How to do it: Decide what you can incorporate into your schedule, and DO IT! Make sure you move your body every day – walk to the neighborhood store for the groceries, take the stairs instead of the lift (if you’re not going too far up), go for an evening or even late night walk, put on your favorite songs and dance, do some simple flexes or stretches every time you are talking on the cell phone.

Eat Dinner early  Our digestive system starts winding down when the sun sets. This means that the later you eat, the more strain you are placing on your system. Most of us make it worse by eating just before we hit the bed. This means that we have lots of food in our system and a body that is asleep before it is digested – making for poor digestion and toxin accumulation. Worst of all, this practice forces our body to focus most of its energy on digesting the food, when it should actually be using the time we sleep to repair, heal and energize our complete system. This is why we wake up sluggish and lethargic most of the time.

How to do it: Eat your dinner before 8.00 p.m. Don’t worry about getting hungry later. Go to sleep only by 10 or 10.30 p.m. If you feel hungry at bed time, drink a glass of water or have some fruit. It may take you about three or four days to hold to this routine, but if you persevere, the benefits that you feel will help you to make this a welcome, even effortless shift in your nightly routine.

Vegetarianism

Studies show that the human body is basically herbivorous in nature, and functions better on an alkaline diet of primarily vegetables. When we consume non vegetarian food on a constant basis, our blood becomes more acidic than alkaline, setting up the scene for illnesses and diseases to thrive.  Decreasing non-vegetarian foods also means decreasing the toxin burden on your internal organs, especially the kidneys.Toxins from a vegetarian diet are fewer and easier to expel. Overall, vegetarians enjoy better health and have lesser chances of suffering from cancer, high blood pressure and heart problems.

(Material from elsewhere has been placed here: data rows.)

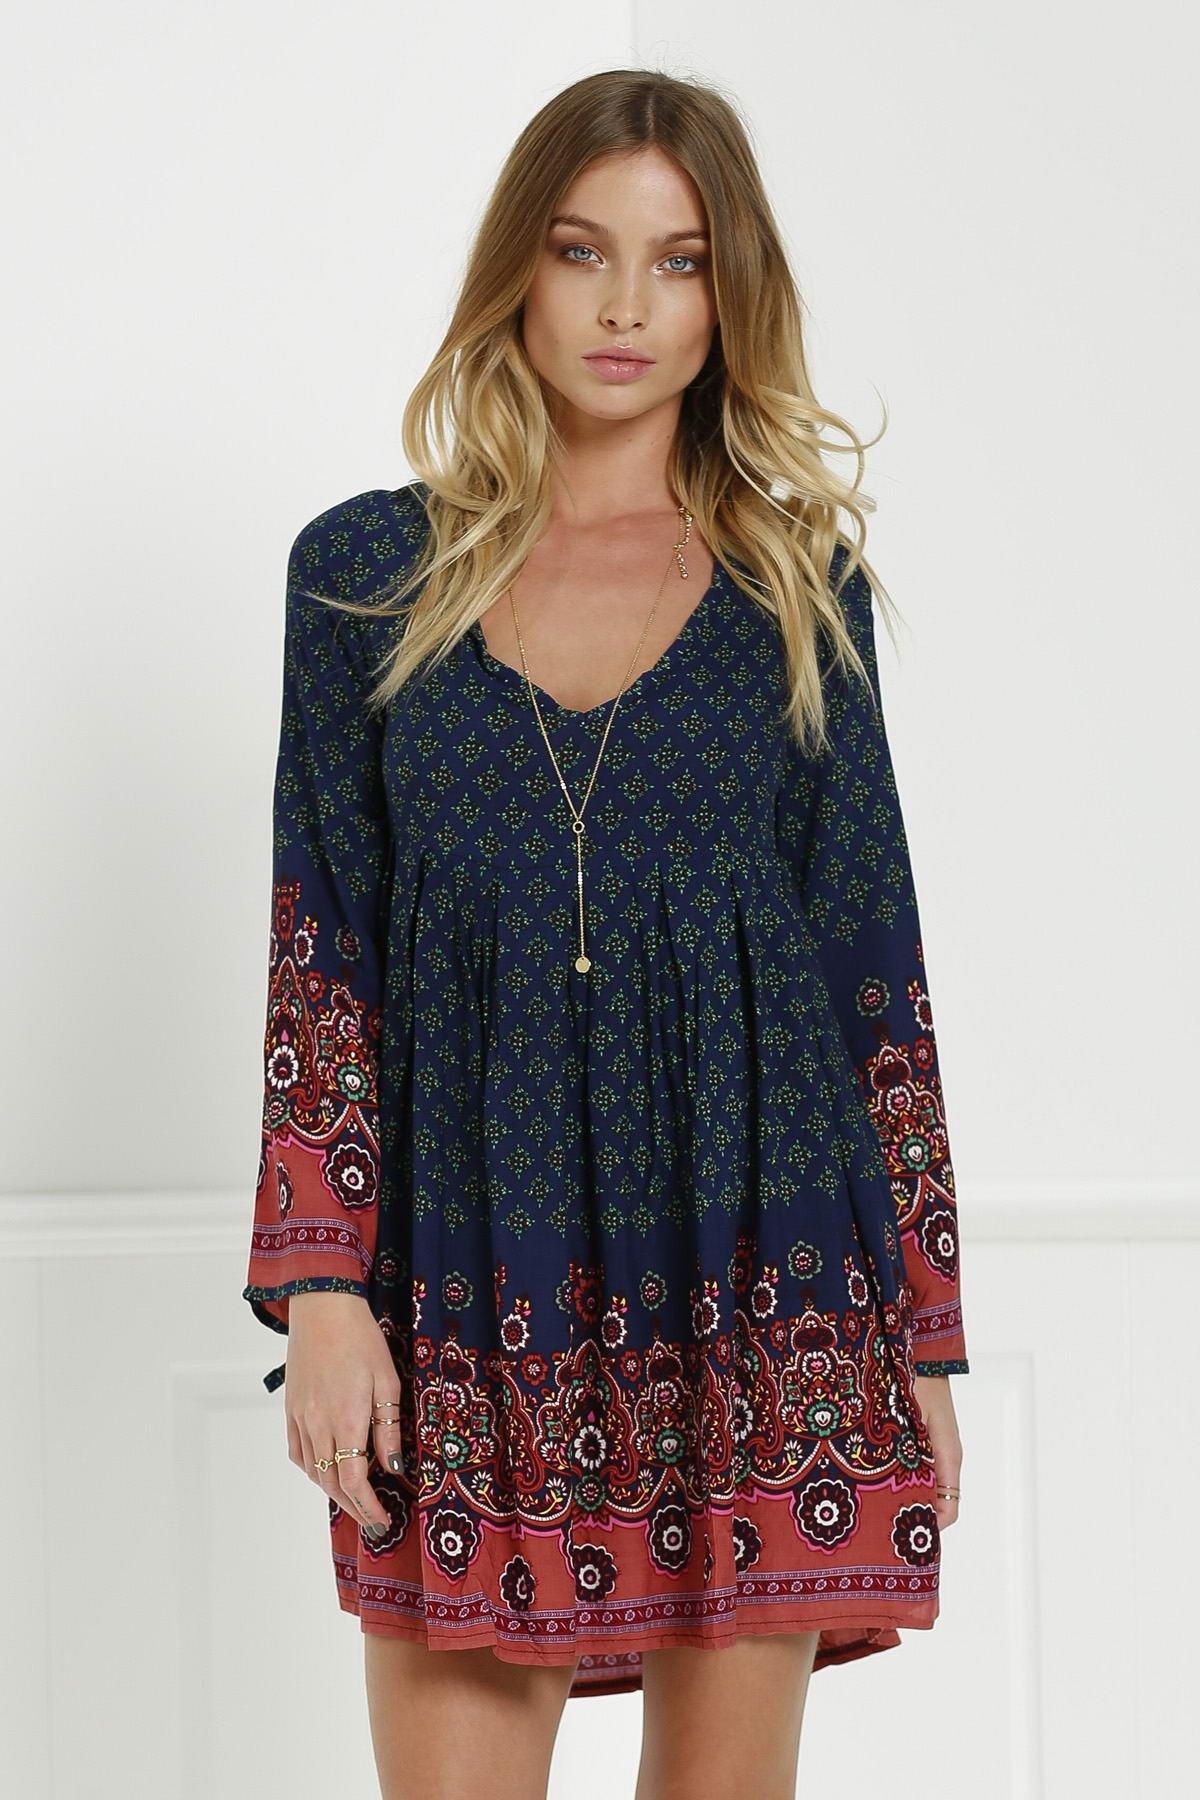 V-Neck 3/4 Sleeve Floral Print Tunic Dress
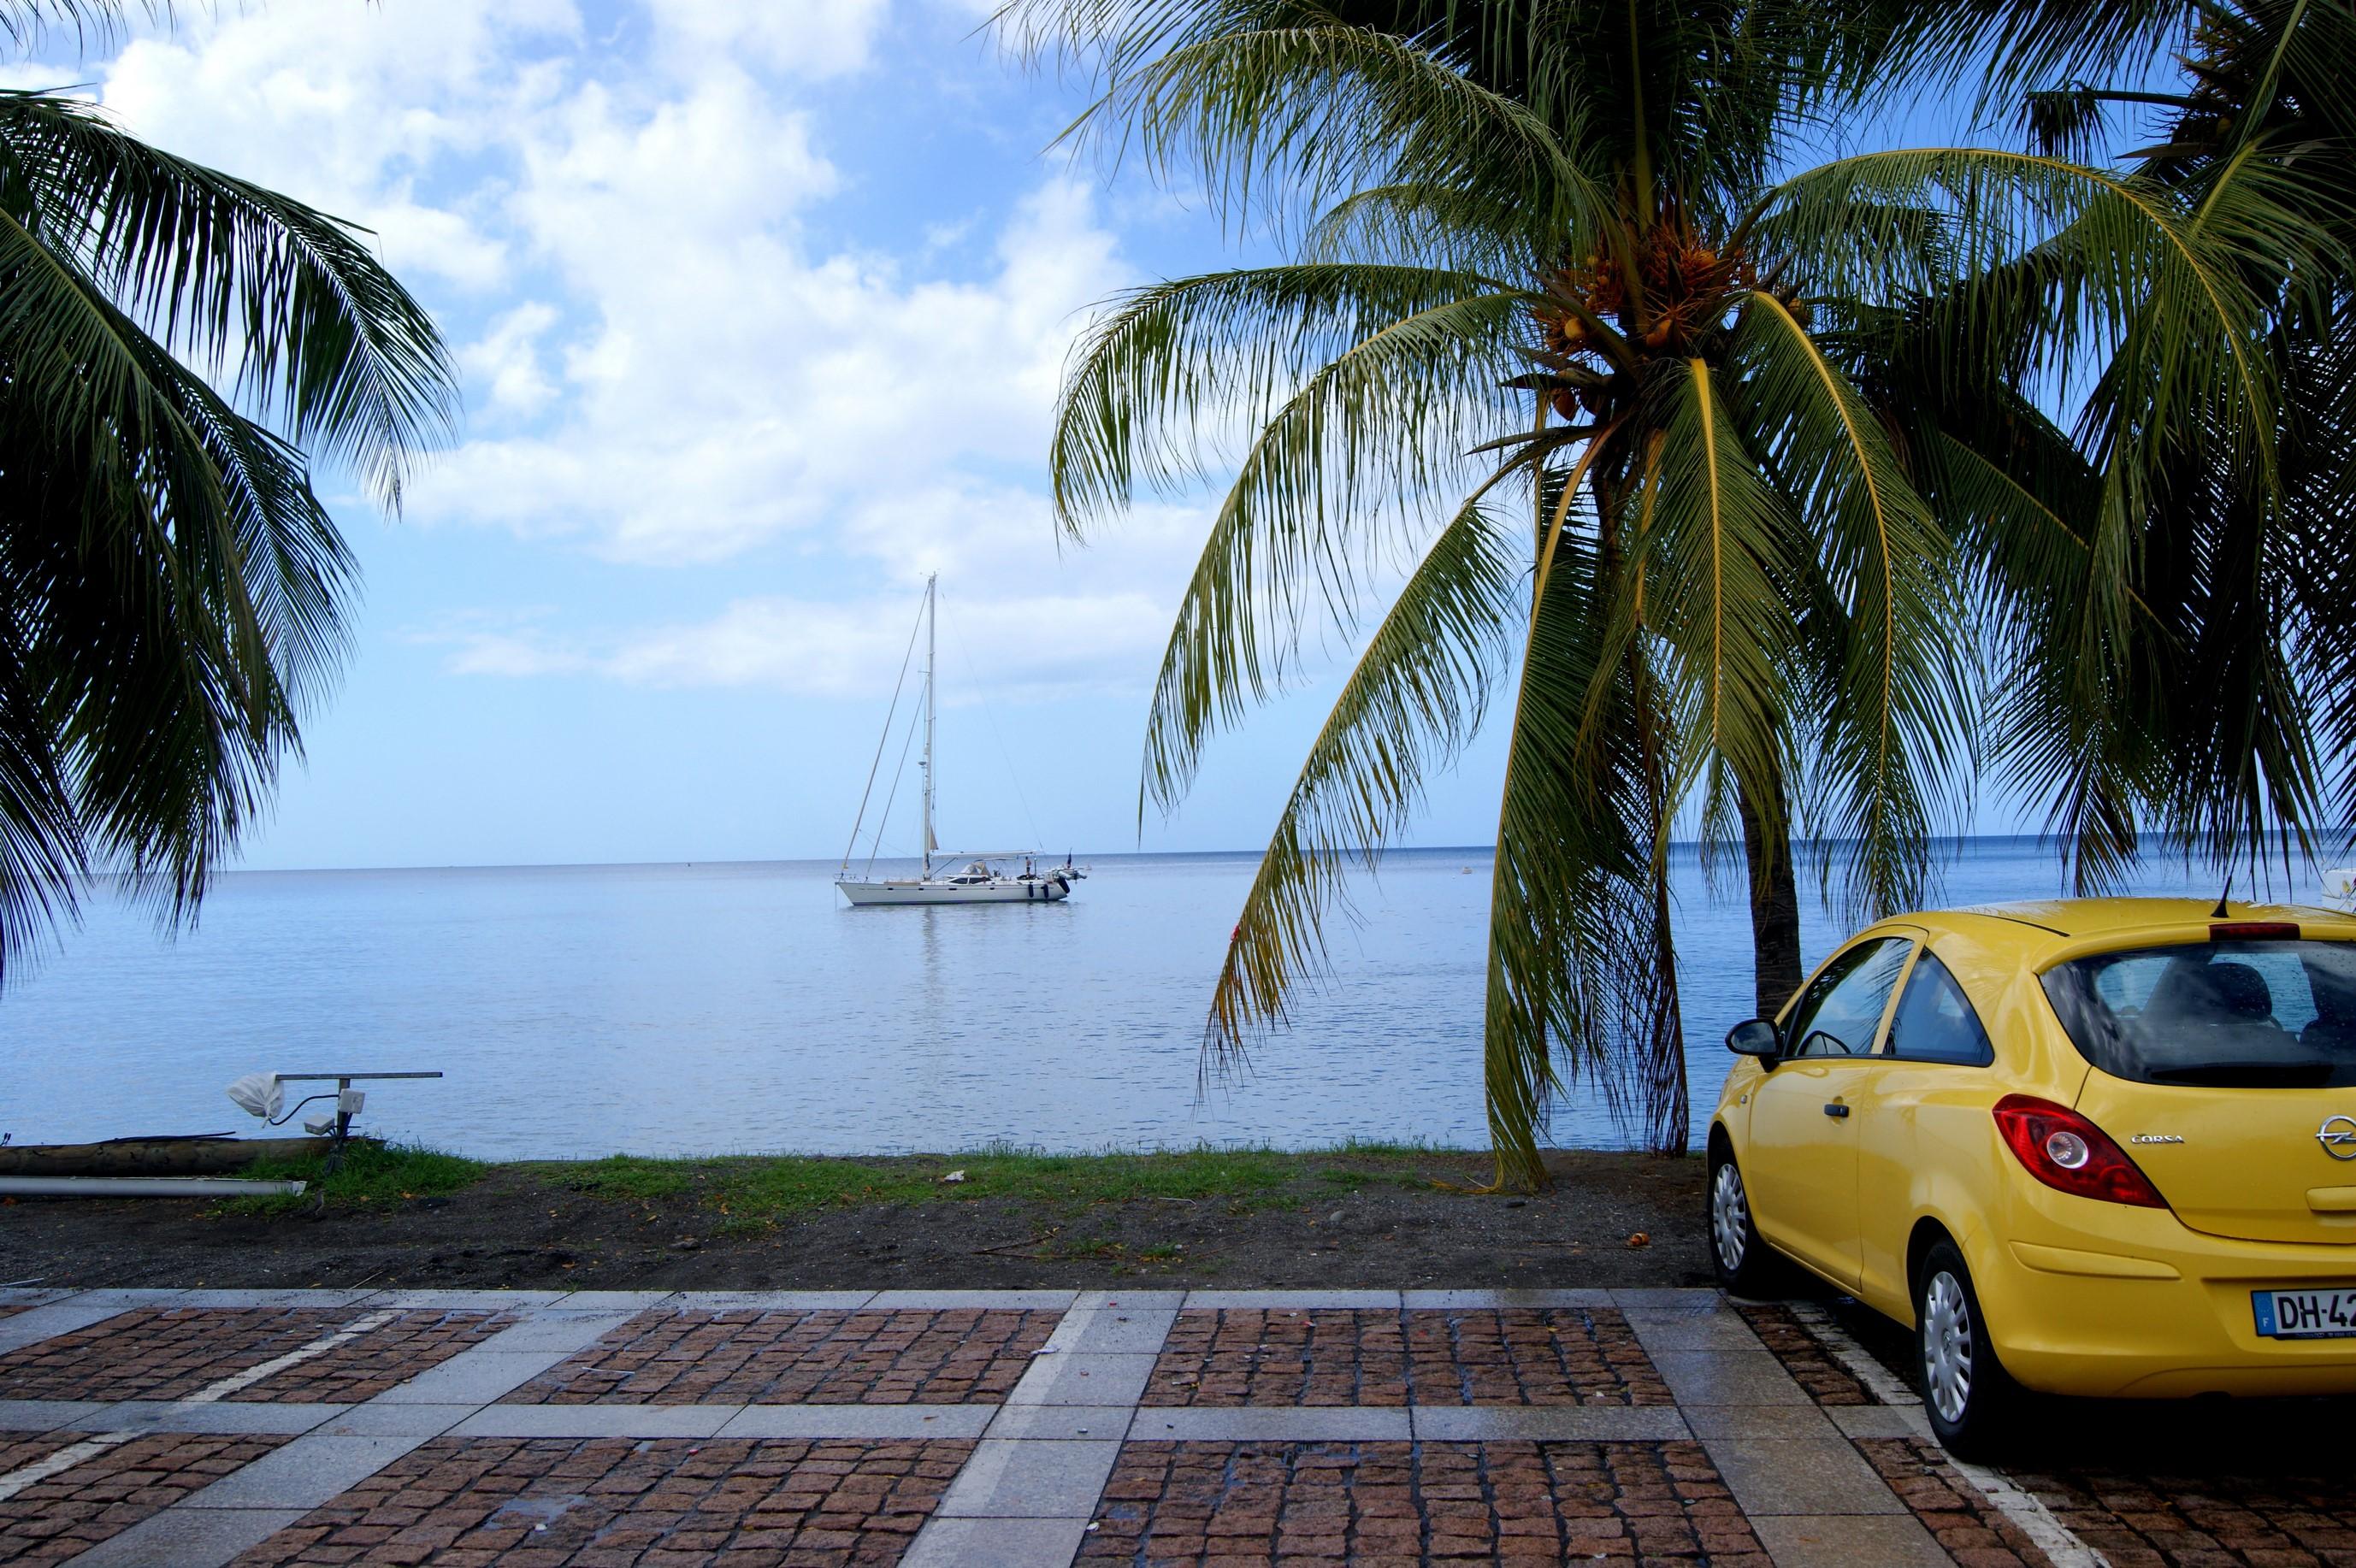 Ot taki zwykły parking i nasza bananowa Corsa ;)
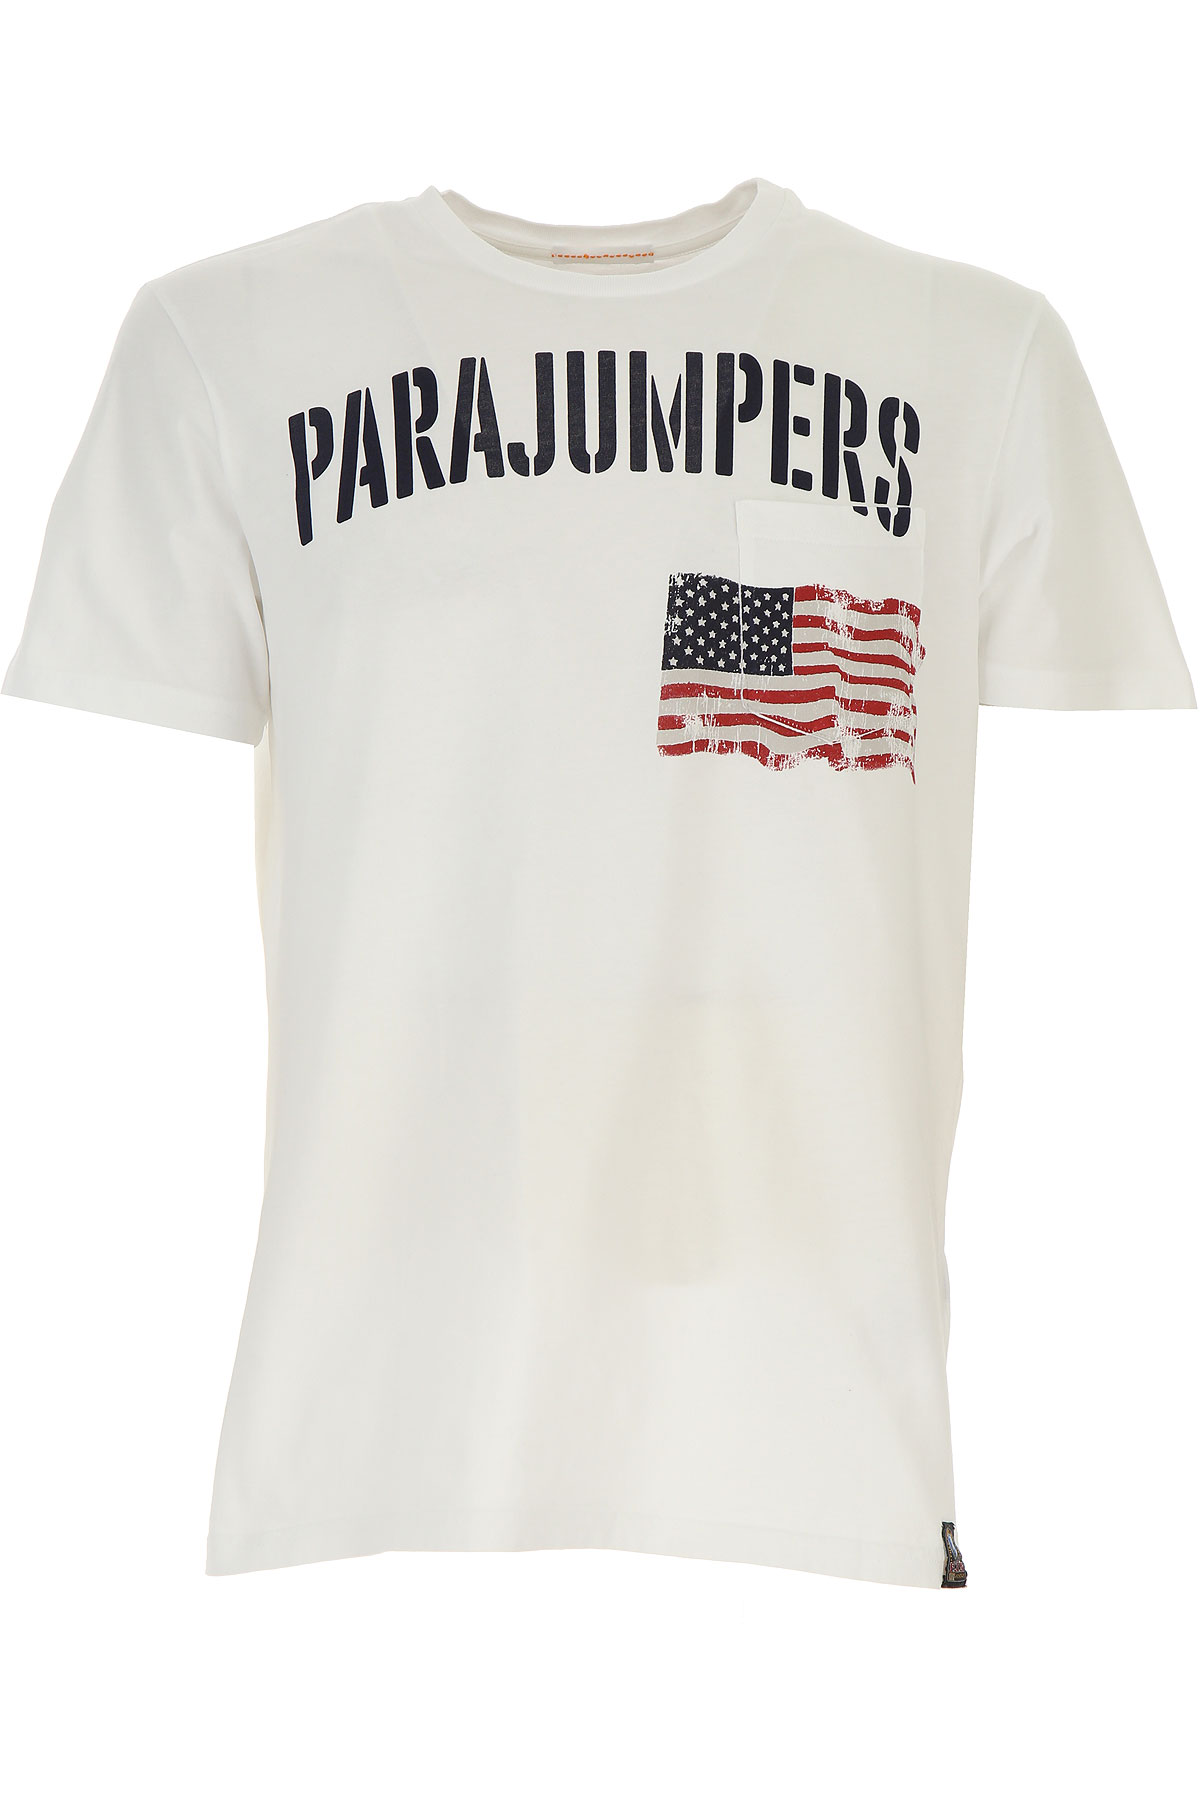 Image of Parajumpers T-Shirt for Men On Sale, White, Cotton, 2017, L M

How to do it: A good way of improving your health is to decide that you will consume only vegetarian food on certain days of the week. This can provide radical benefits to your digestive system, sleep patterns and immunity. You can add the number of vegetarian days in the coming weeks, depending on how you feel about it.

It would be ideal to incorporate all of the things listed above into your routine, but it is important not to overwhelm yourself with change. Decide for yourself what it is you will focus on this week, stick to it and then add more things to it, if that is what works for you. The key lies in figuring out how these practices can be incorporated into your life, and also in having the perseverance to stick with a change for a few days. It is always the first few days that seem hard – this is the window period where you are resisting change from the old routine. After that, any practice that is good for your body will be welcomed by your system, and will be easy to stick to.